Directions for this task: Each line from the one containing "Join as a Quality" through the final line of the data below must be repeated exactly.

Given data:
>>>

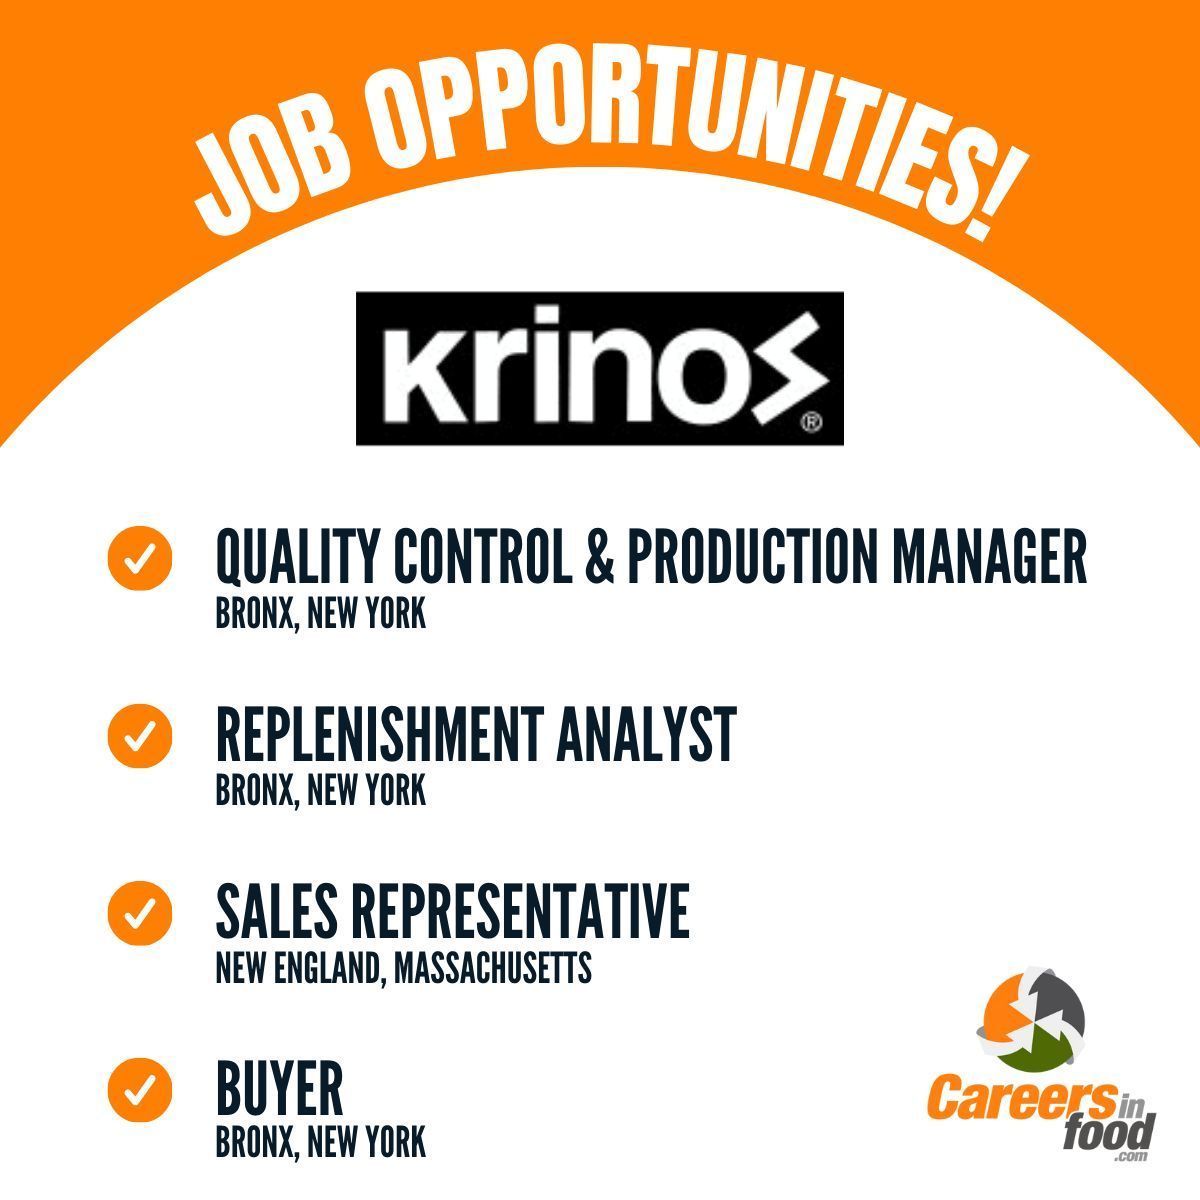 Explore job opportunities at Krinos Foods LLC!

Join as a Quality Control & Production Manager, Replenishment Analyst, Sales Representative, or a Buyer.

Apply now: careersinfood.com/krinos-foods-l… 

#JobOpportunites #QualityAssurance #SalesJobs #Jobs #Hiring #ApplyNow #FoodJobs

<<<

Answer below:
Join as a Quality Control & Production Manager, Replenishment Analyst, Sales Representative, or a Buyer.

Apply now: careersinfood.com/krinos-foods-l… 

#JobOpportunites #QualityAssurance #SalesJobs #Jobs #Hiring #ApplyNow #FoodJobs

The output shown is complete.